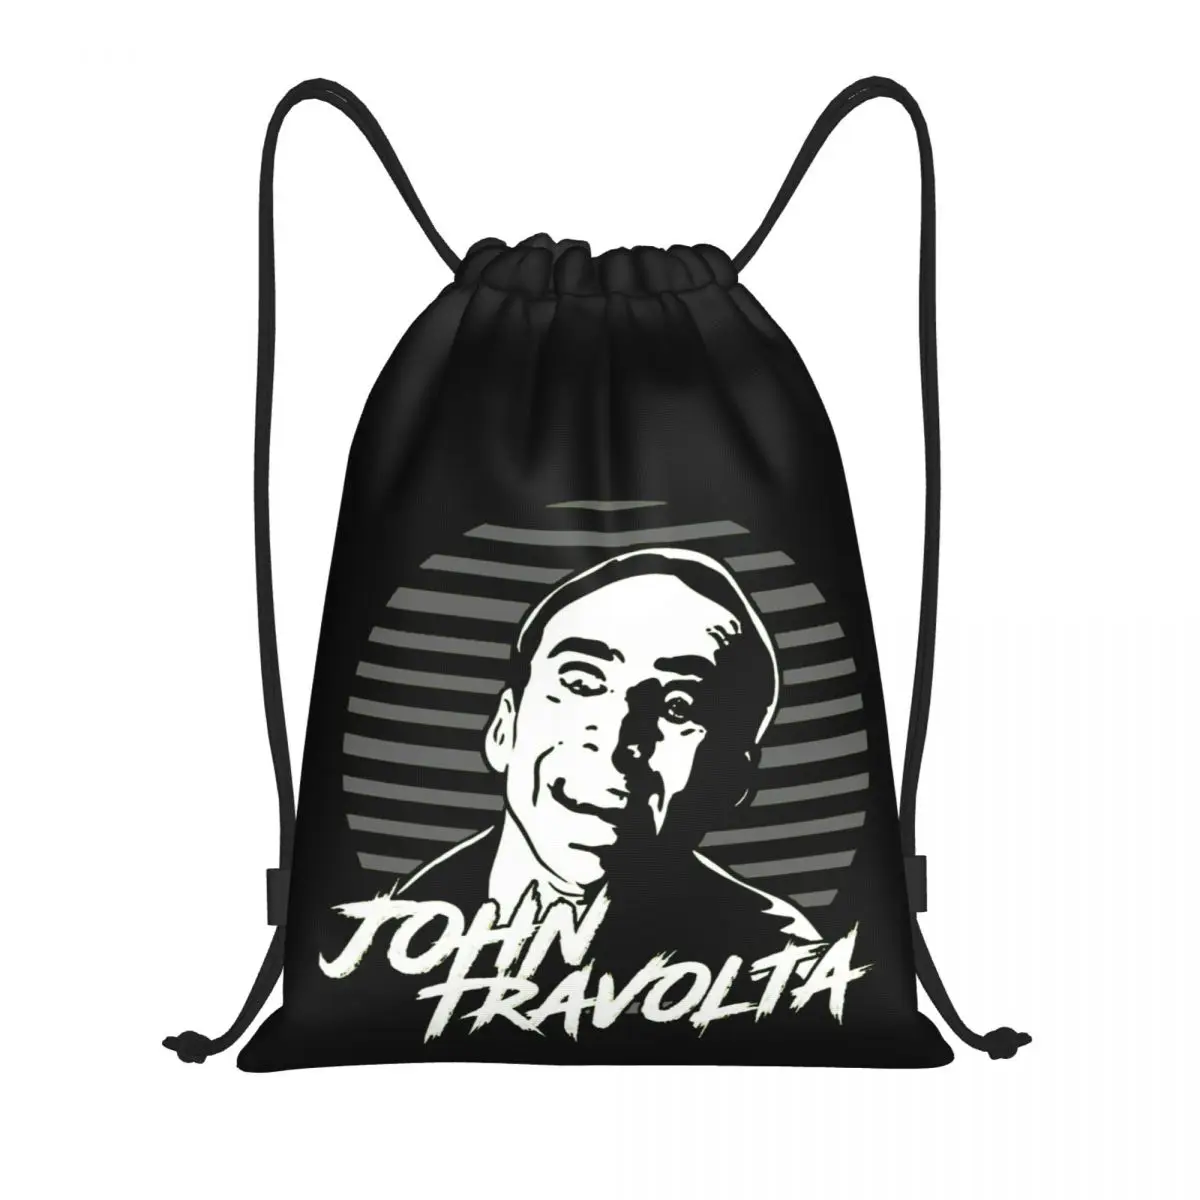 

Nicolas Cage John Travolta Face 2 Drawstring Bags Gym Bag Knapsack Firm Graphic Vintage Backpack Funny Novelty
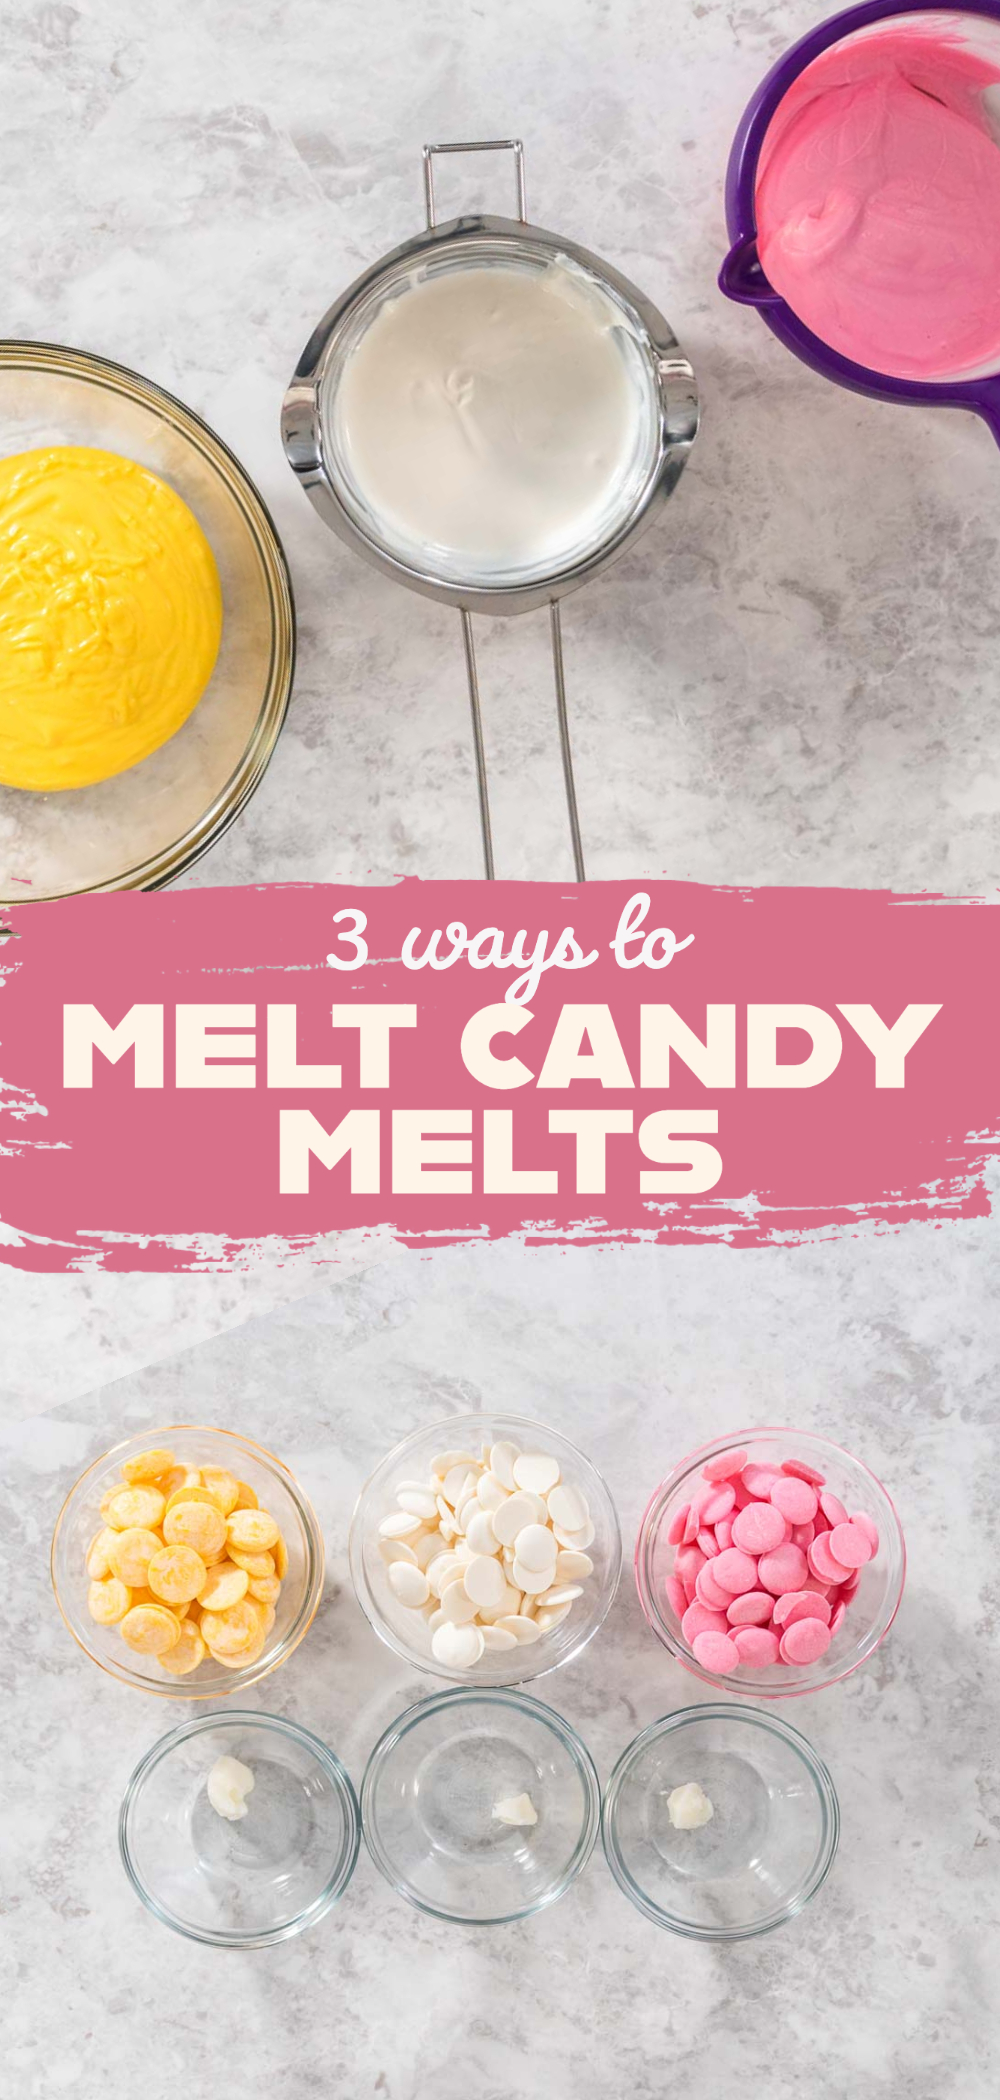 3 ways to melt candy melts
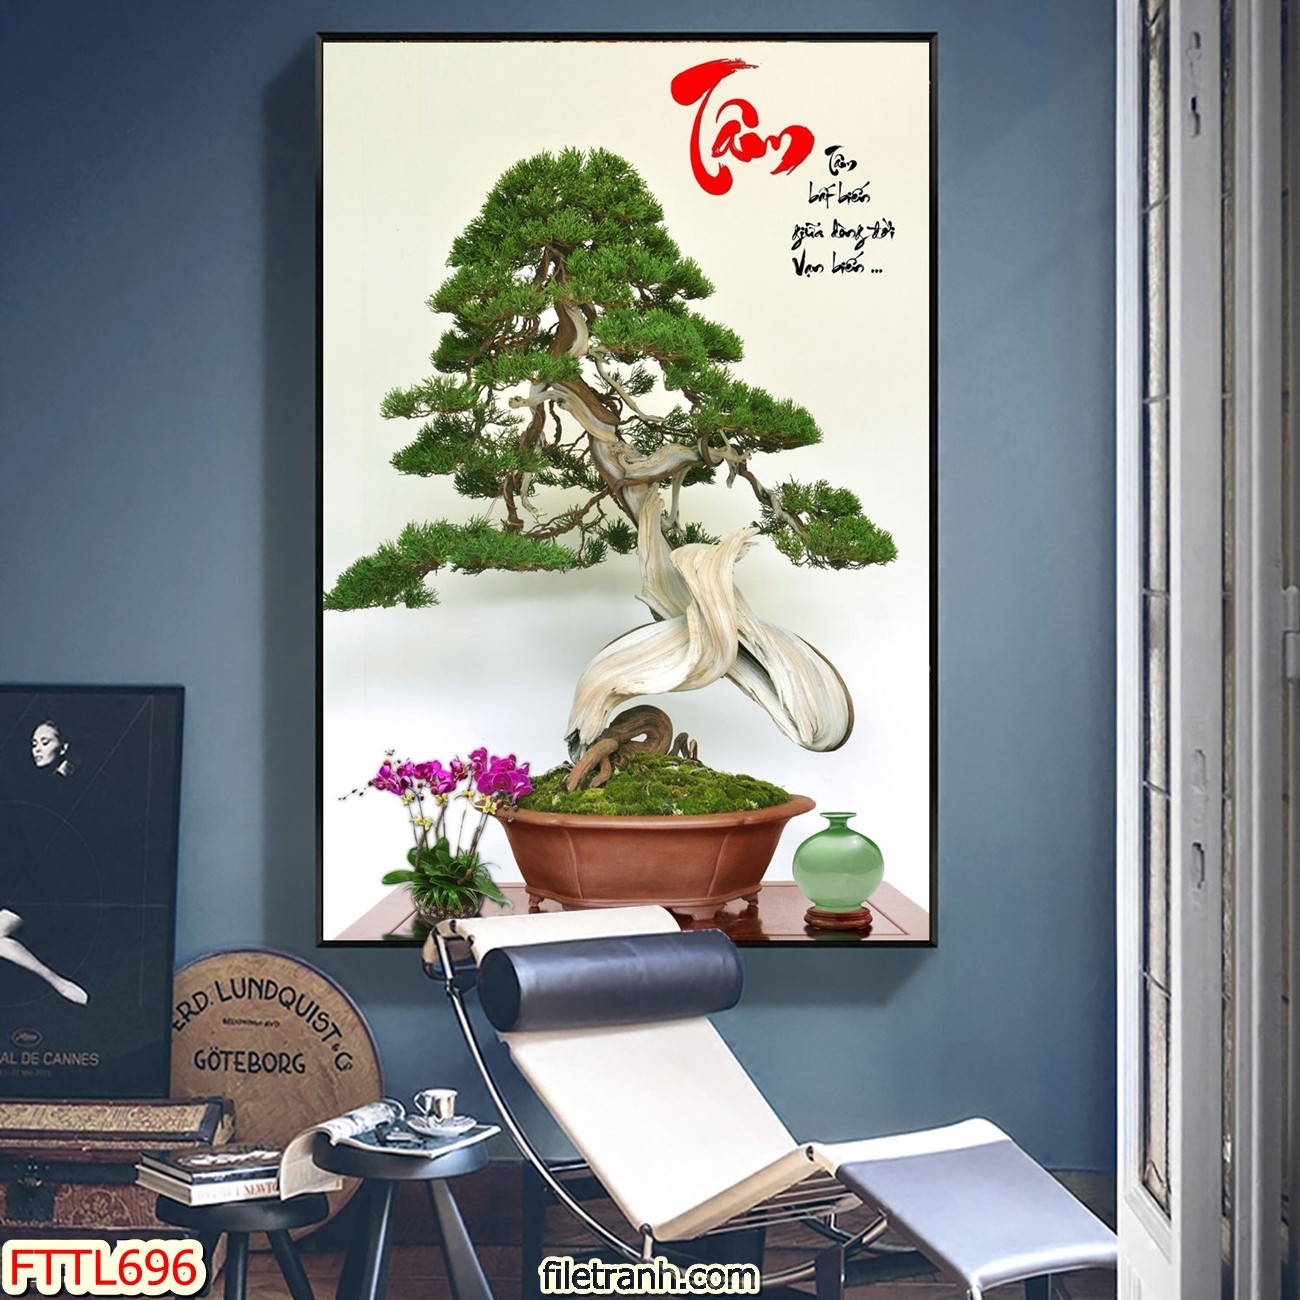 https://filetranh.com/file-tranh-chau-mai-bonsai/file-tranh-chau-mai-bonsai-fttl696.html

§ **REQUIRED ACTION**: Once the pictures are set aside, give the rest of the listing again exactly.

§ **WRITTEN ANSWER**:
Nicolas Cage John Travolta Face 2 Drawstring Bags Gym Bag Knapsack Firm Graphic Vintage Backpack Funny Novelty
 3 ways to melt candy melts
 https://filetranh.com/file-tranh-chau-mai-bonsai/file-tranh-chau-mai-bonsai-fttl696.html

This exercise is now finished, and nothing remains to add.